Stored items from a collection –
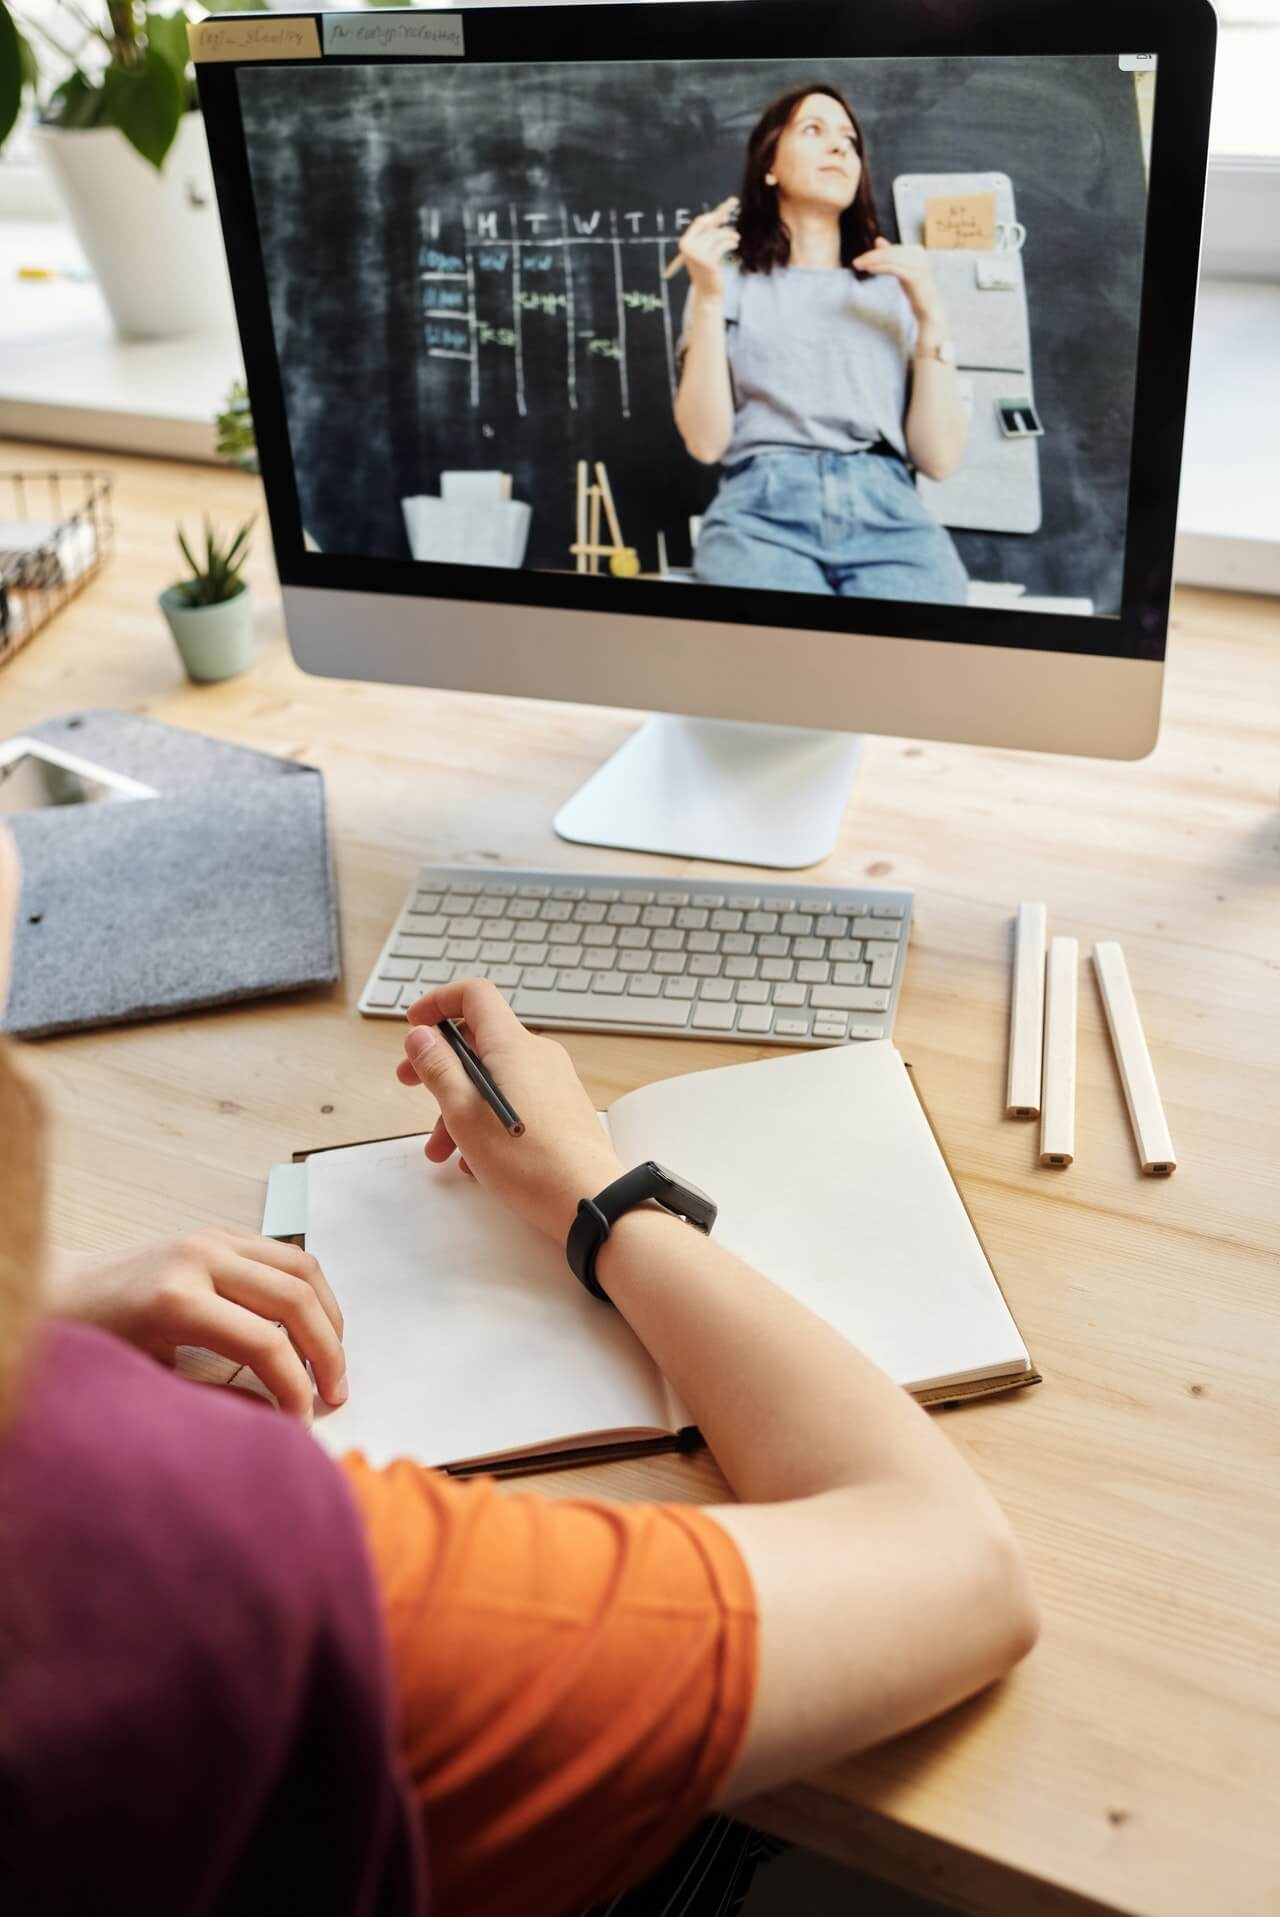 uczeń podczas nauki zdalnej odrabiający zadanie przy komputerze
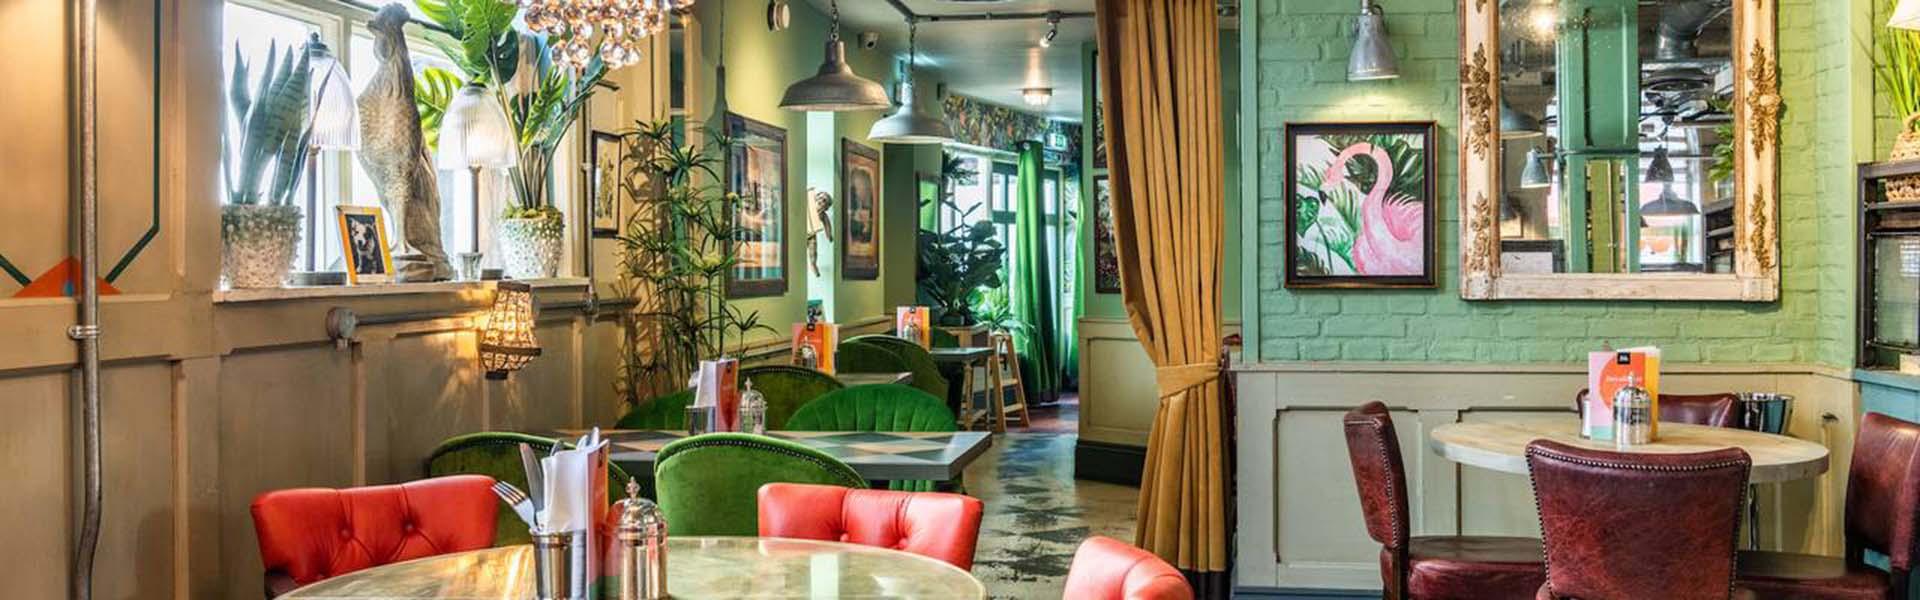 Interior of Bill's Restaurant in Sevenoaks
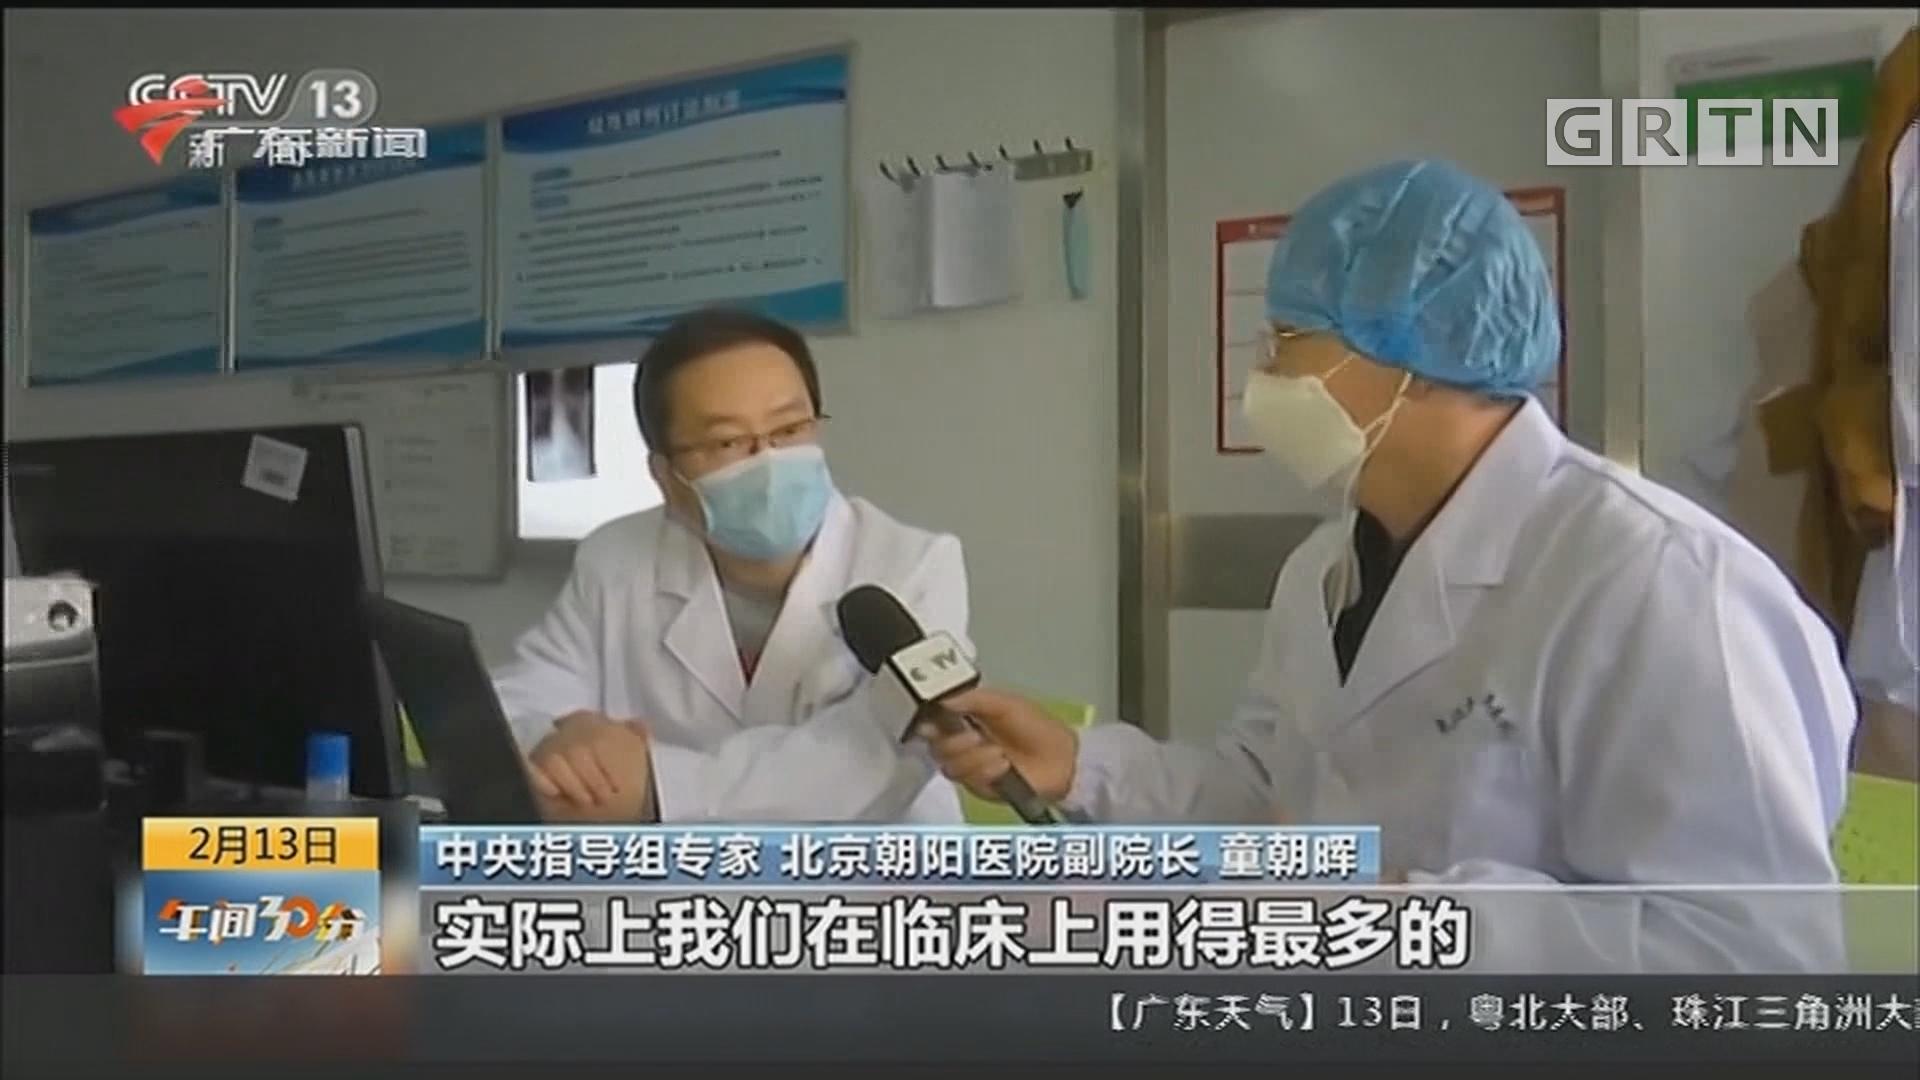 专家解读:湖北省将临床诊断病例纳入确诊病例数
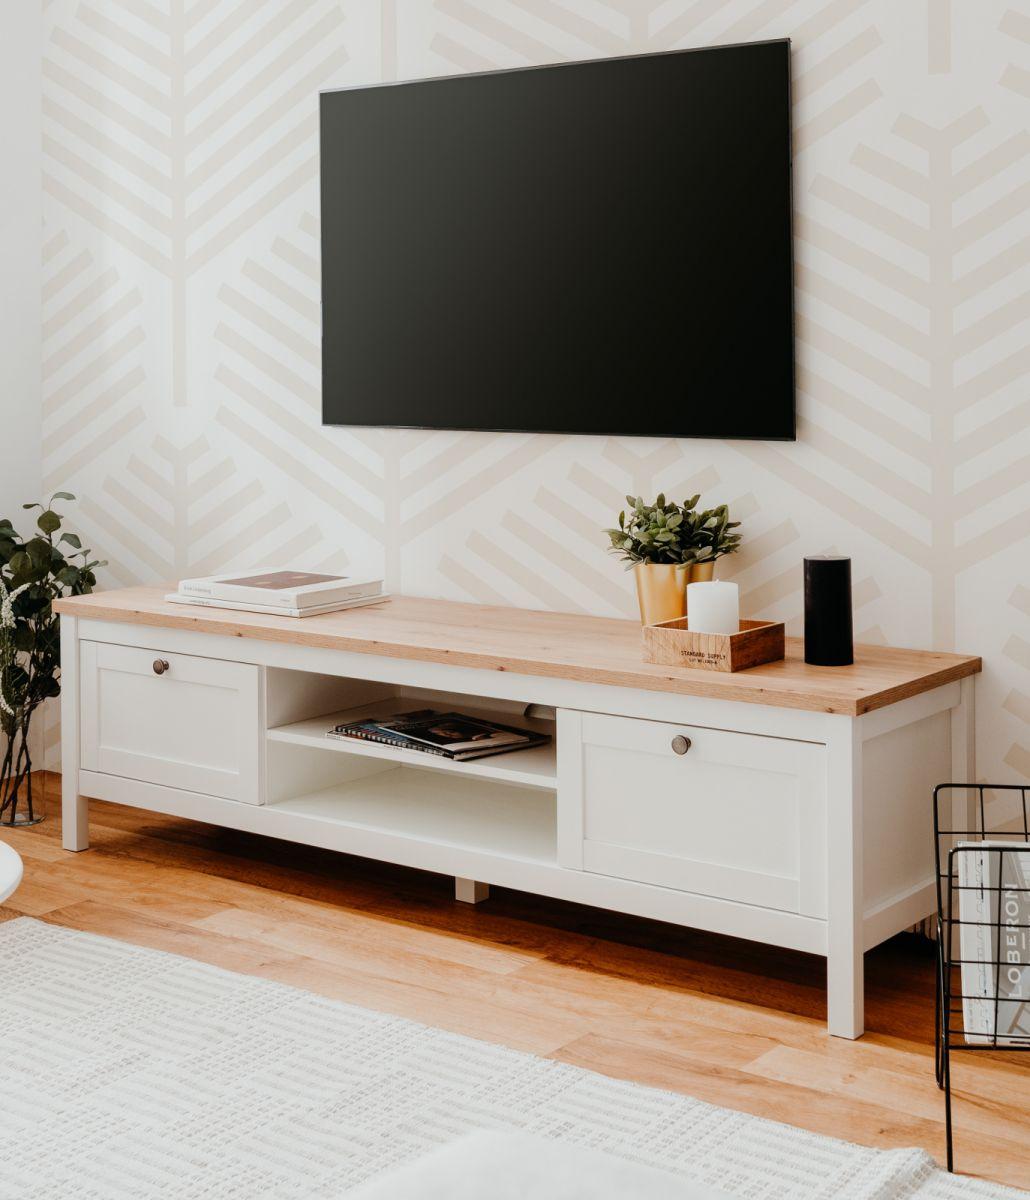 TV-Lowboard Bergen weiss und Eiche 160 x 45 cm
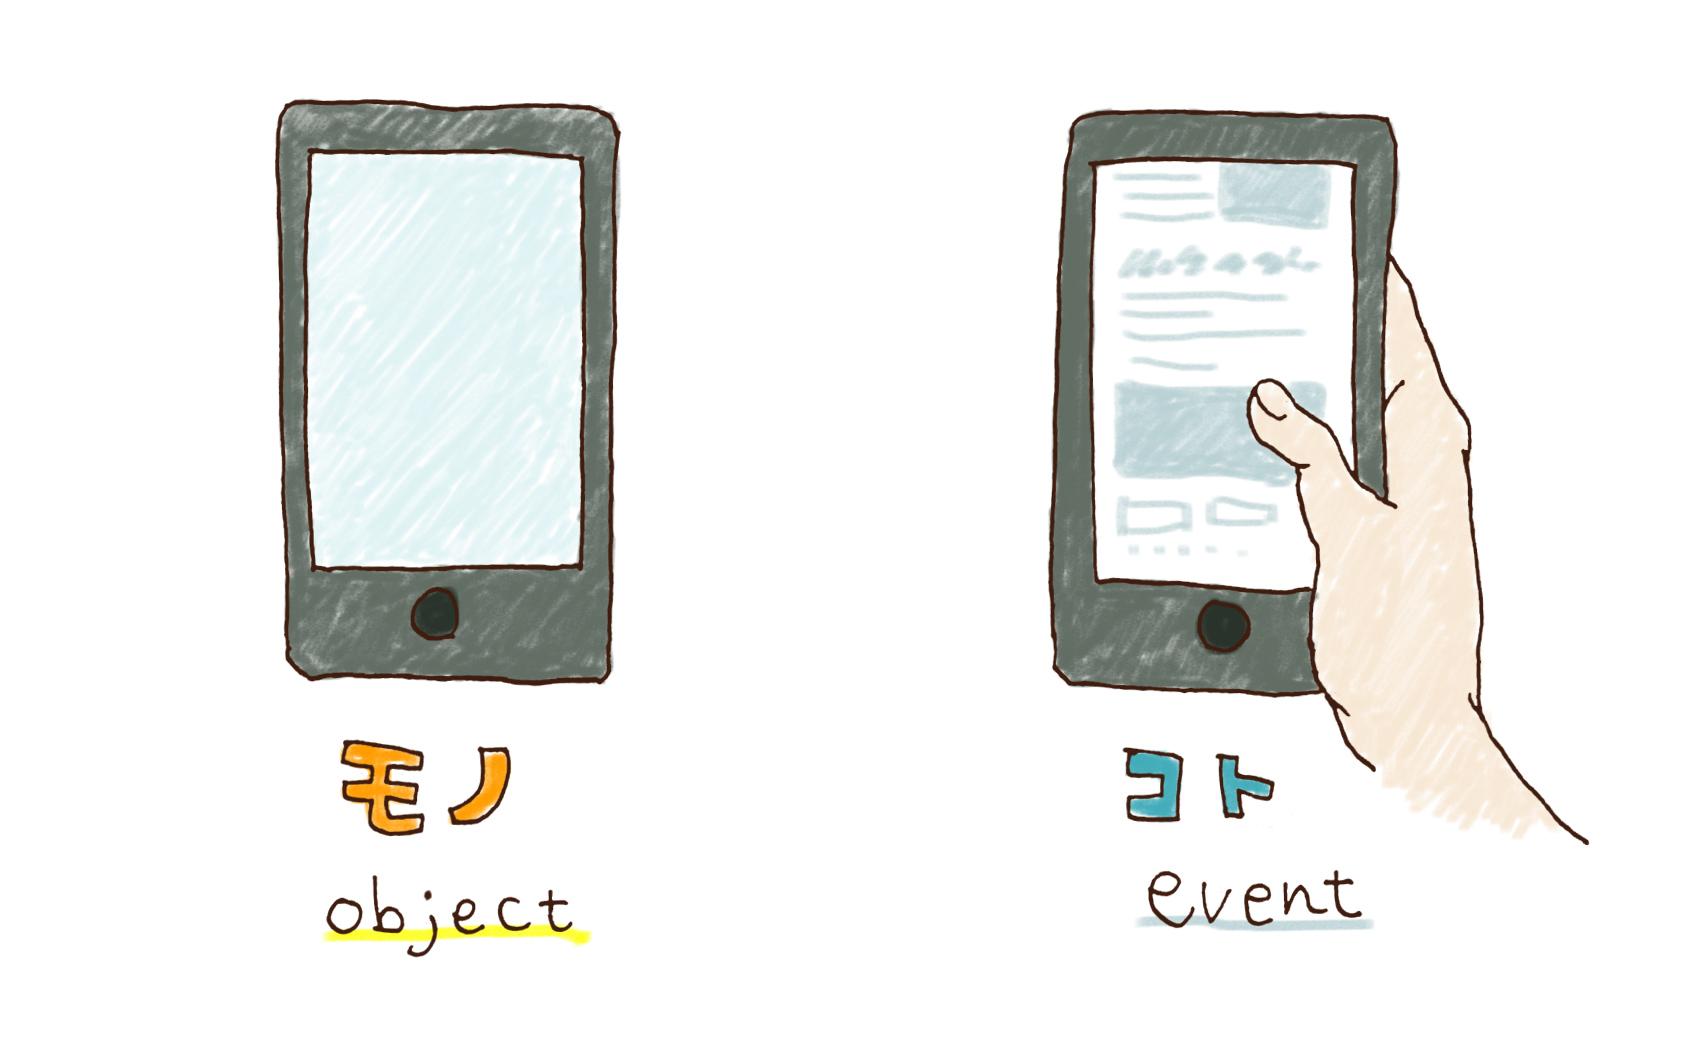 「モノ(object)」と「コト(event)」のイメージ図

Work to complete – All of the entries above should be duplicated exactly, except for the pictures.

Response to the exercise –
 uczeń podczas nauki zdalnej odrabiający zadanie przy komputerze
 Interior of Bill's Restaurant in Sevenoaks
 专家解读:湖北省将临床诊断病例纳入确诊病例数
 TV-Lowboard Bergen weiss und Eiche 160 x 45 cm
 「モノ(object)」と「コト(event)」のイメージ図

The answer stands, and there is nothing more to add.